__Exercise data__
>>>>
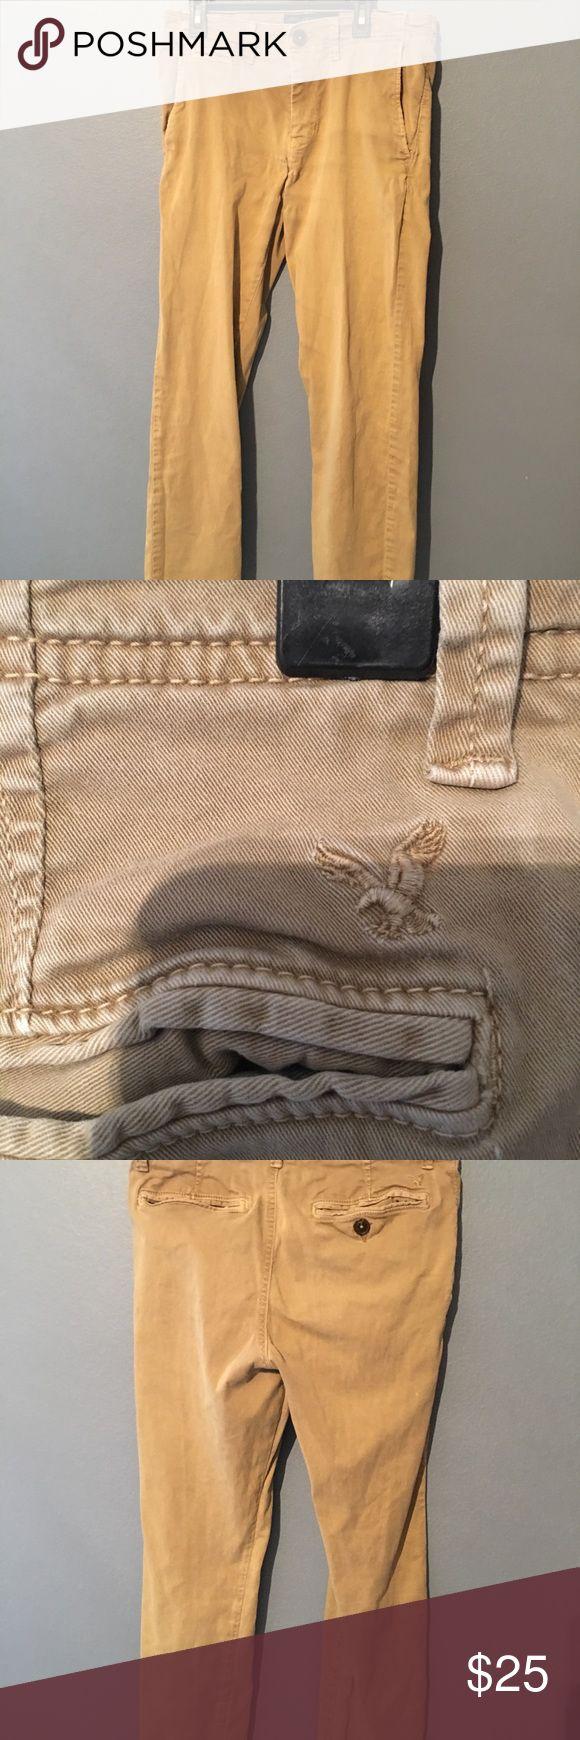 American Eagle men's Skinny Khaki pants Men's American eagle skinny khaki pants American Eagle Outfitters Pants Chinos & Khakis
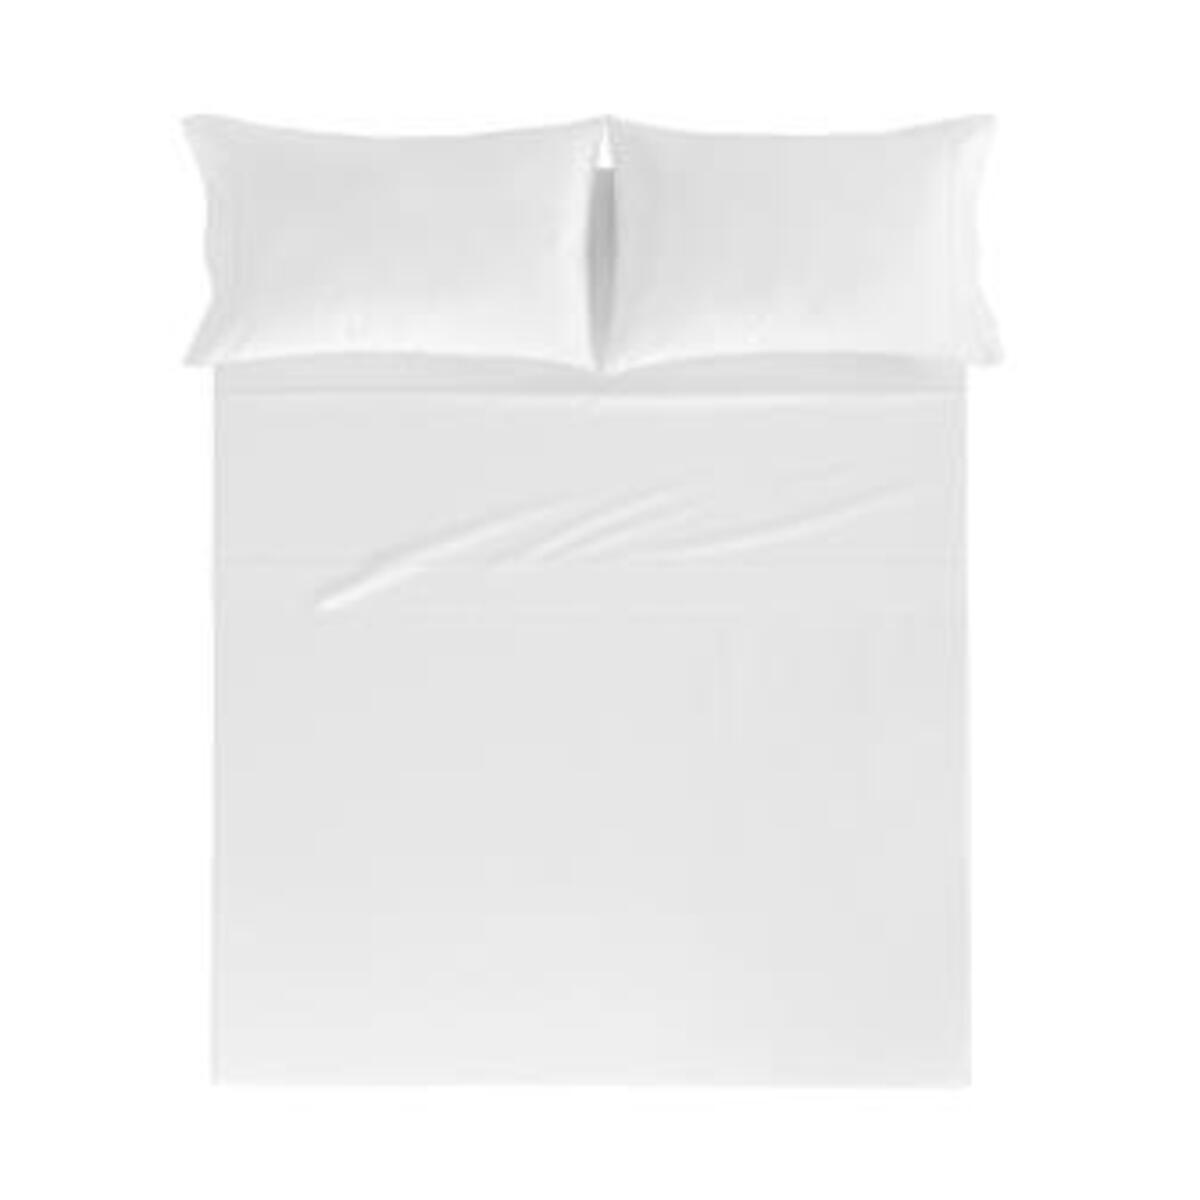 Drap de lit en coton percale blanc 250x280
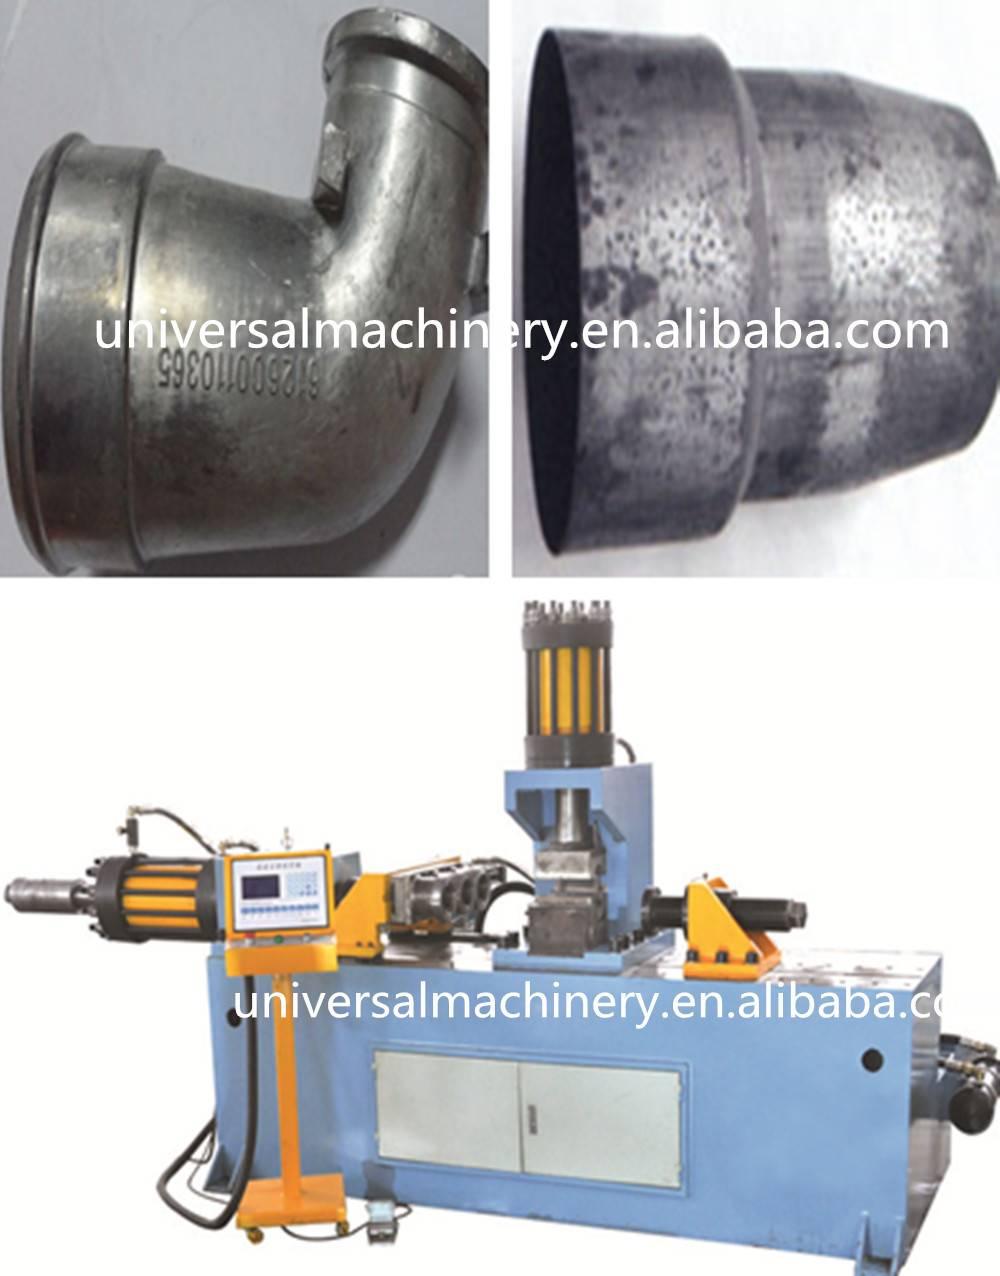 Global warranty China factory price Tube Expanding Machine
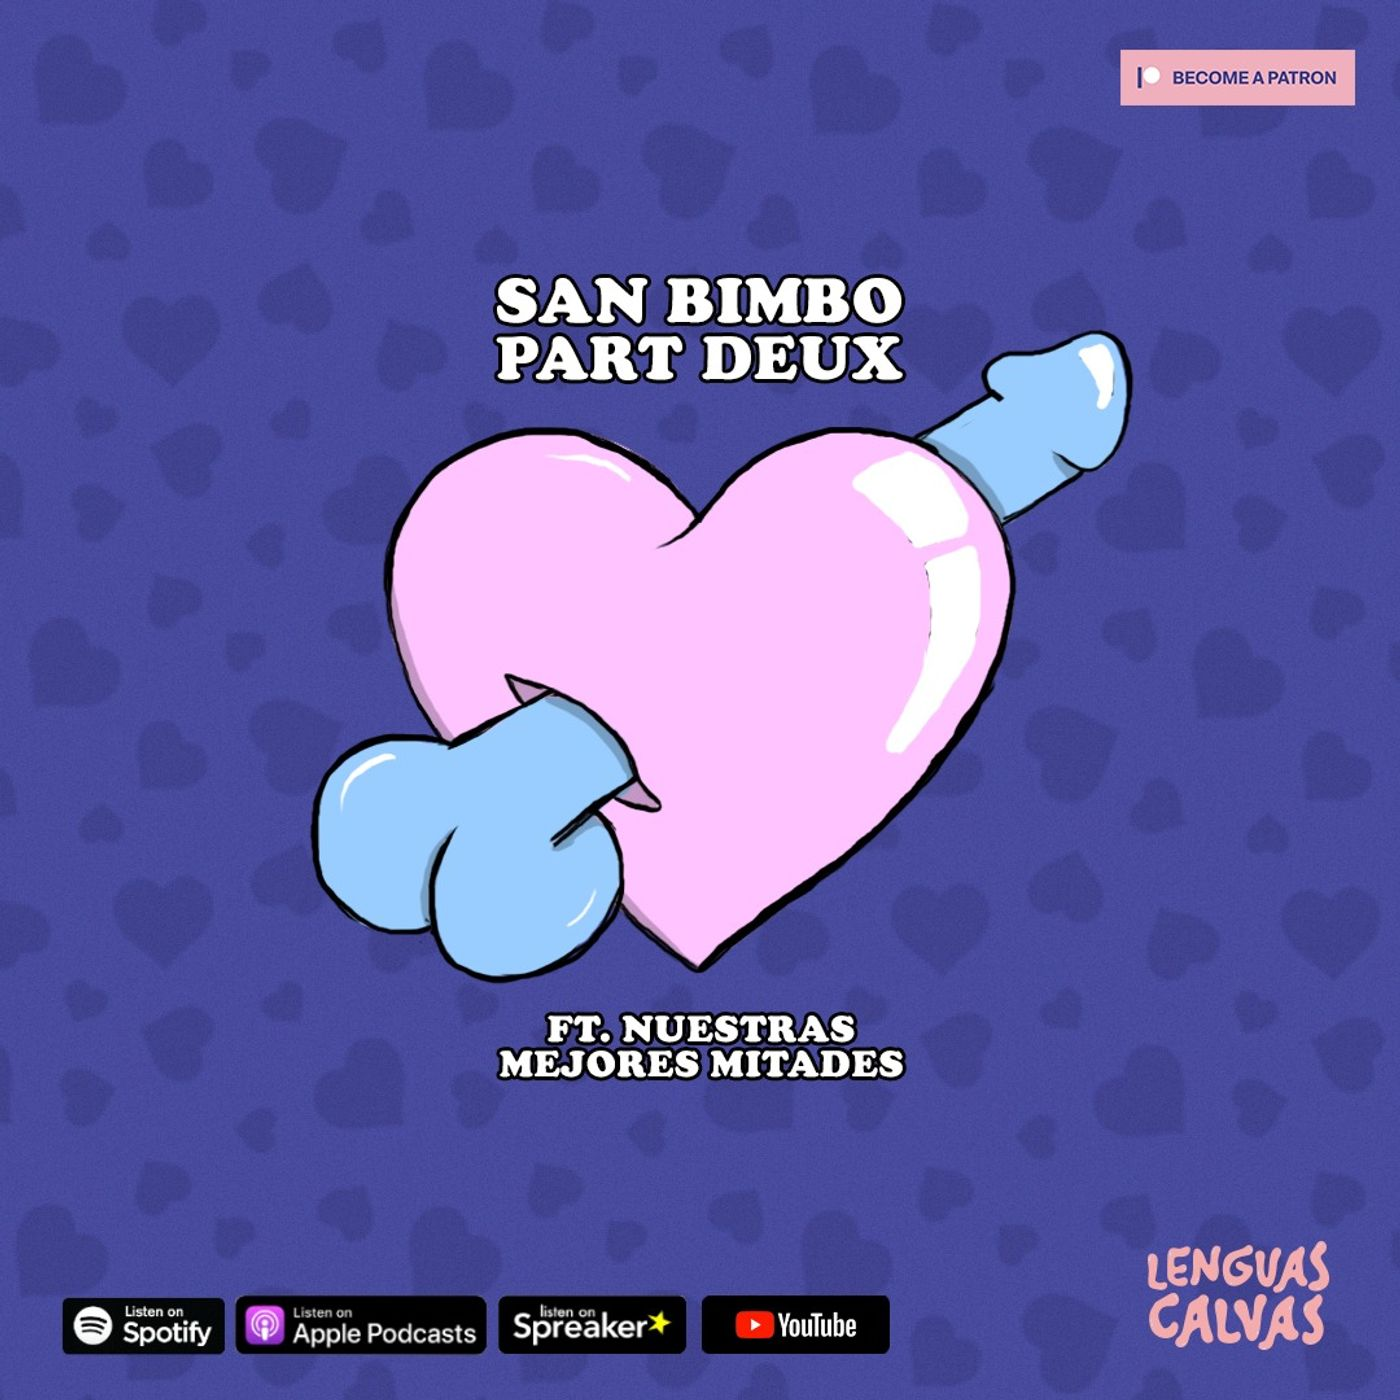 San Bimbo Part Deux
<<<<
__Work instructions__
Copy all the material exactly; omit images.

__Task output__
 American Eagle men's Skinny Khaki pants Men's American eagle skinny khaki pants American Eagle Outfitters Pants Chinos & Khakis
 Drap de lit en coton percale blanc 250x280
 Global warranty China factory price Tube Expanding Machine
 San Bimbo Part Deux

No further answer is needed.